Goal of the exercise. Start at the first line below and write out everything verbatim except the pictures.

Collected material below:

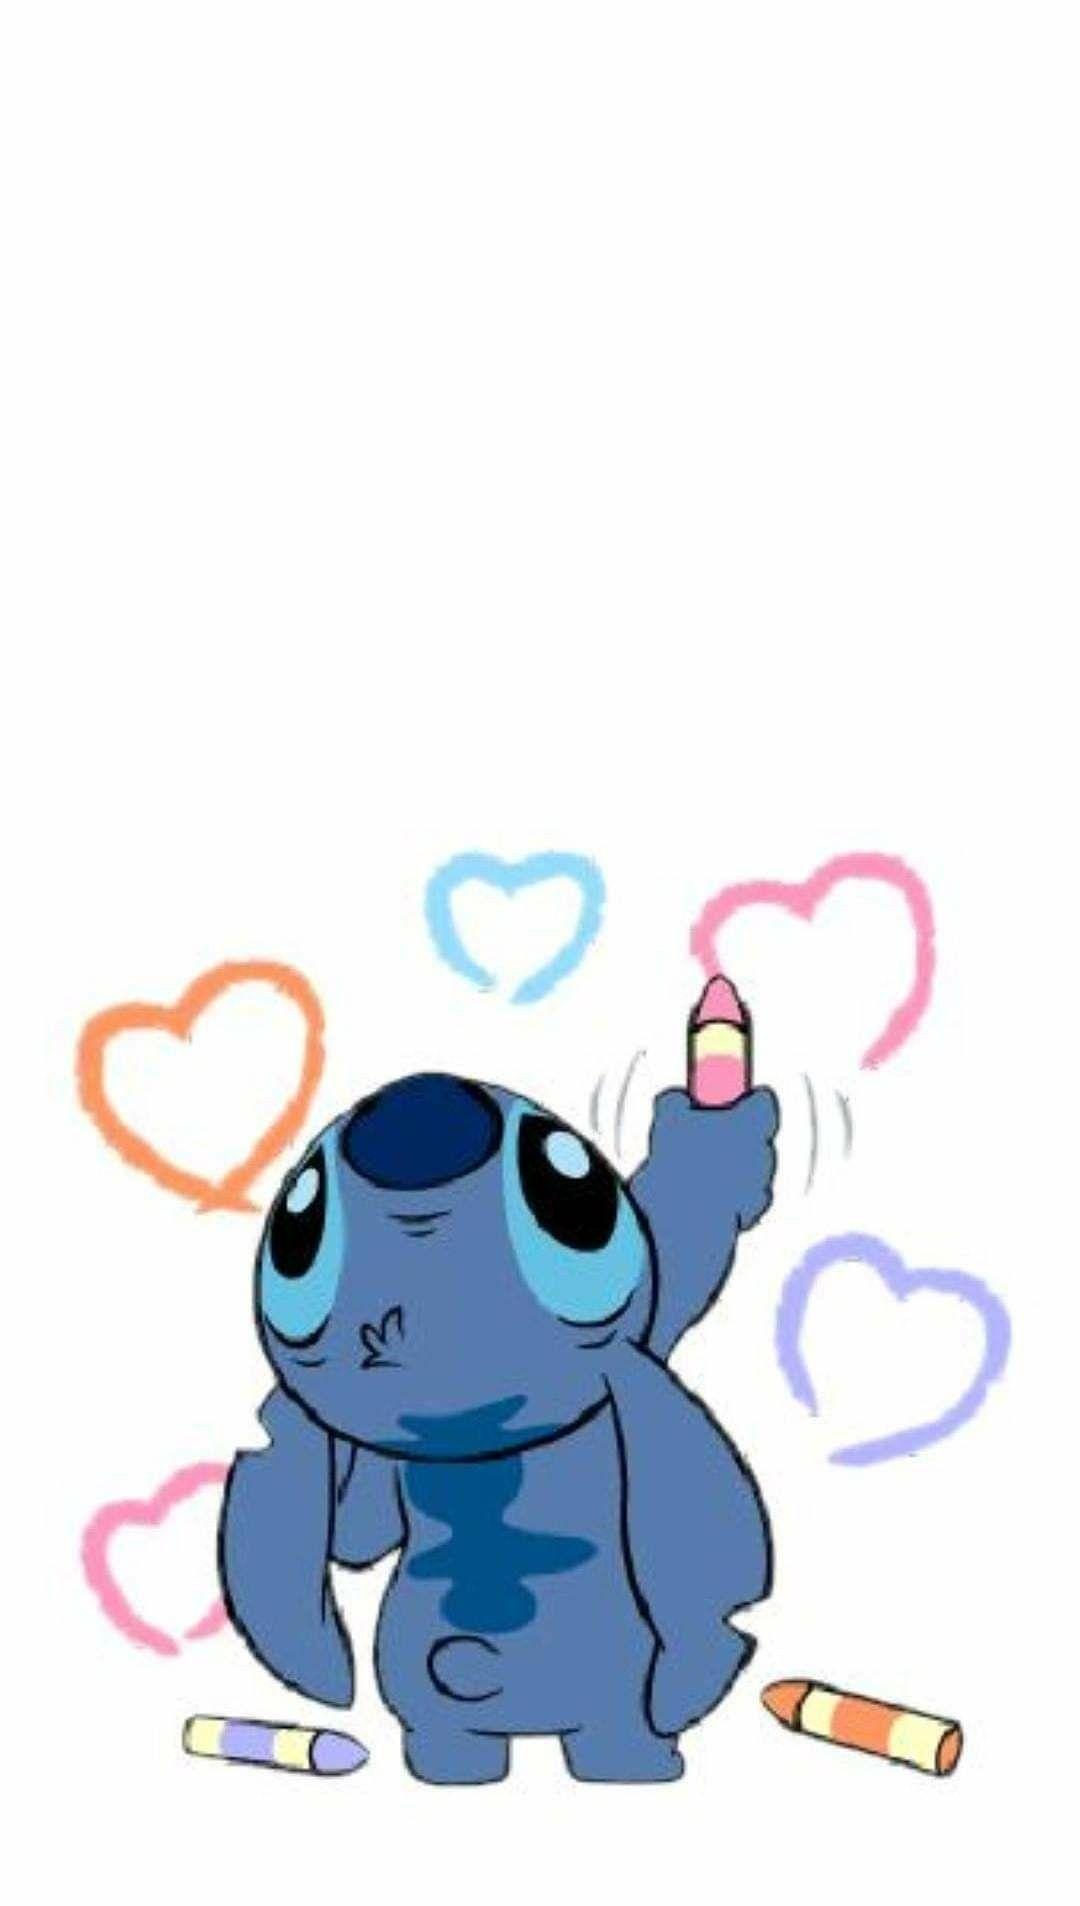 Stitch Cute Disney Wallpaper Stitch Cartoon Wallpaper Iphone Disney
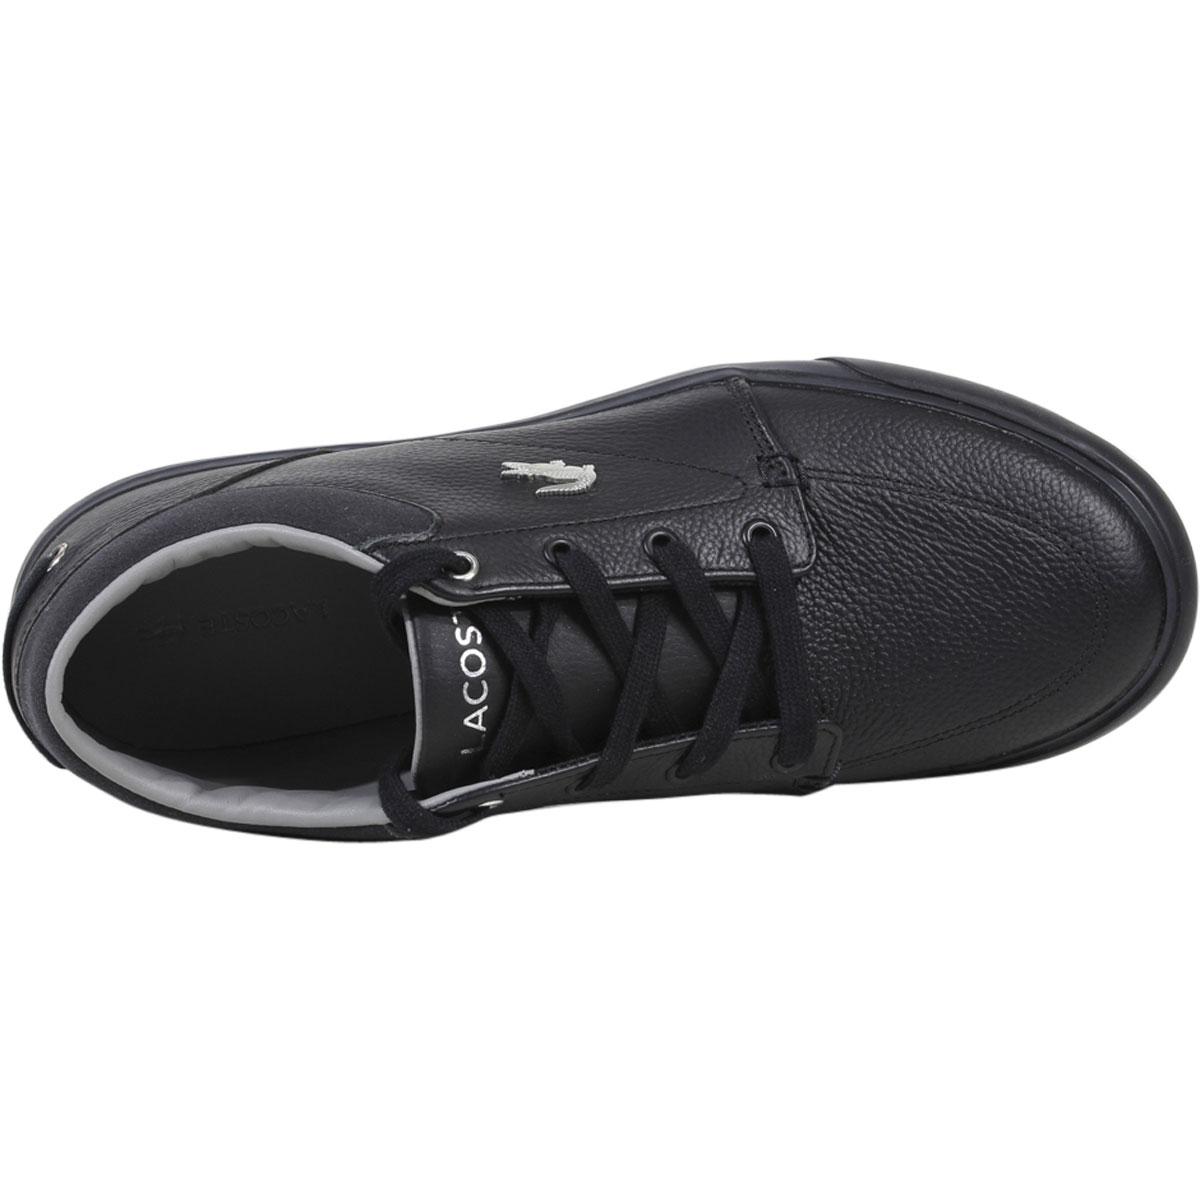 Lacoste-Men-039-s-Bayliss-118-Sneakers-Shoes thumbnail 13
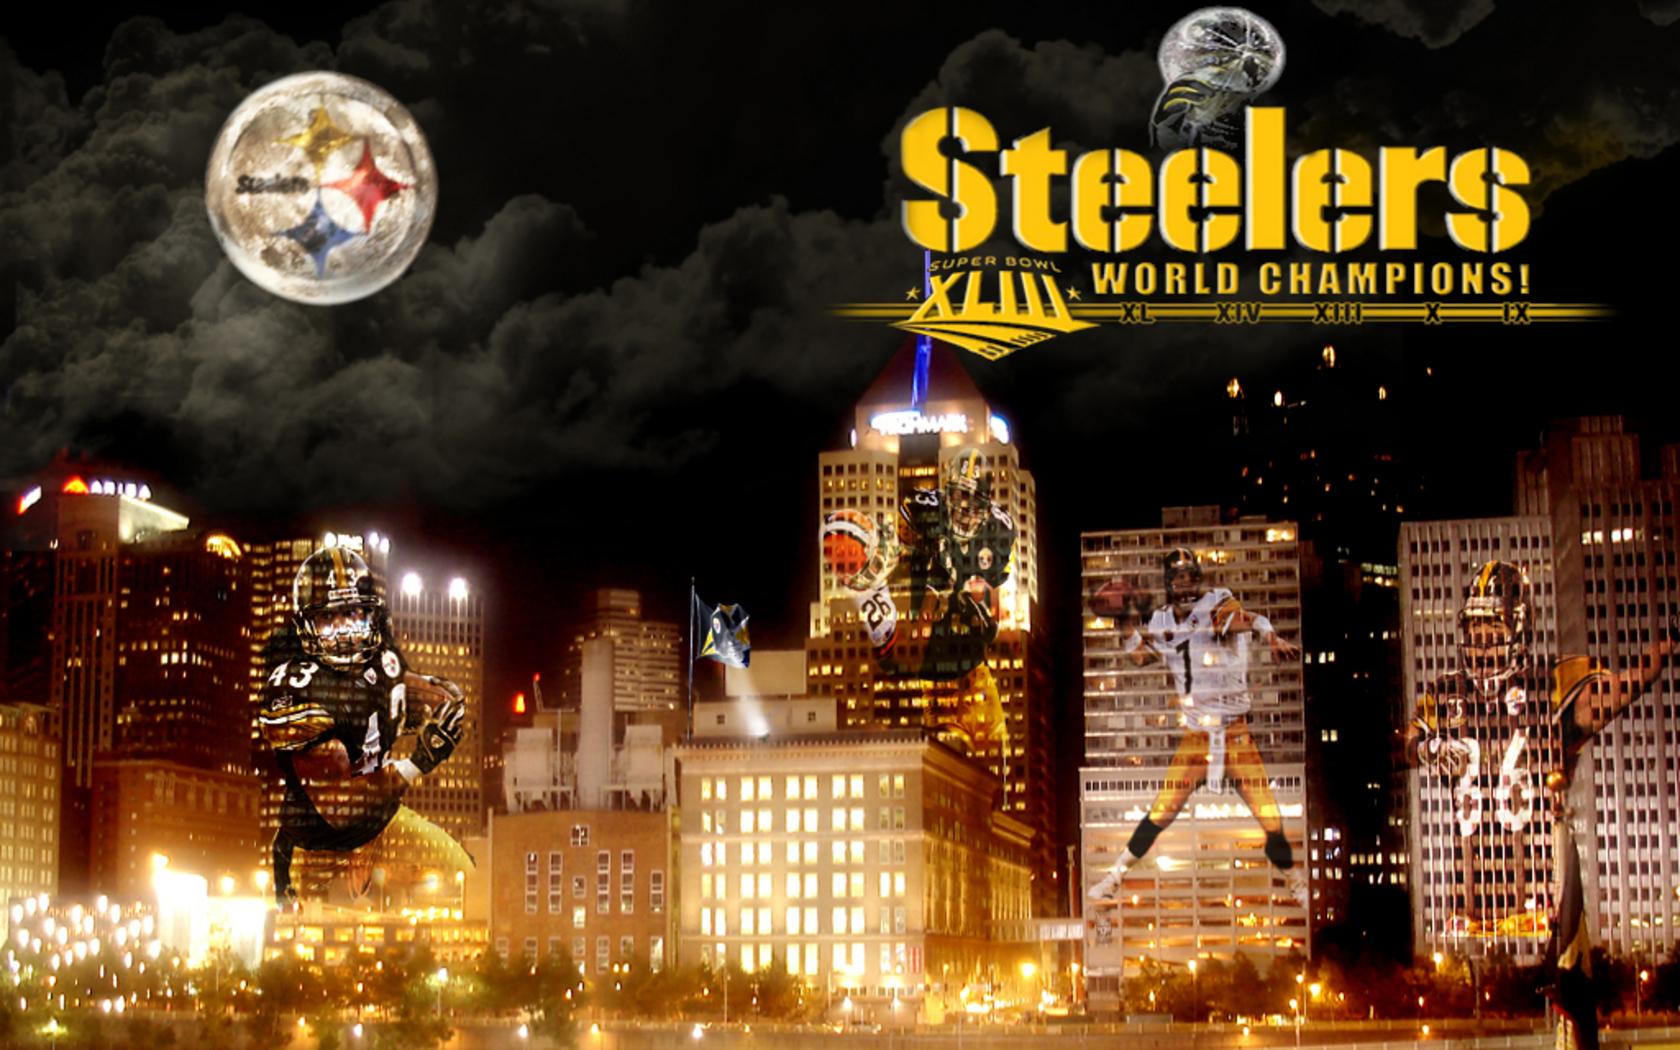 Pittsburgh Steelers Wallpaper 69 Download Screensavers 1680x1050

End of Collected material.

Answer to the problem.
 Stitch Cute Disney Wallpaper Stitch Cartoon Wallpaper Iphone Disney
 Lacoste-Men-039-s-Bayliss-118-Sneakers-Shoes thumbnail 13
 Pittsburgh Steelers Wallpaper 69 Download Screensavers 1680x1050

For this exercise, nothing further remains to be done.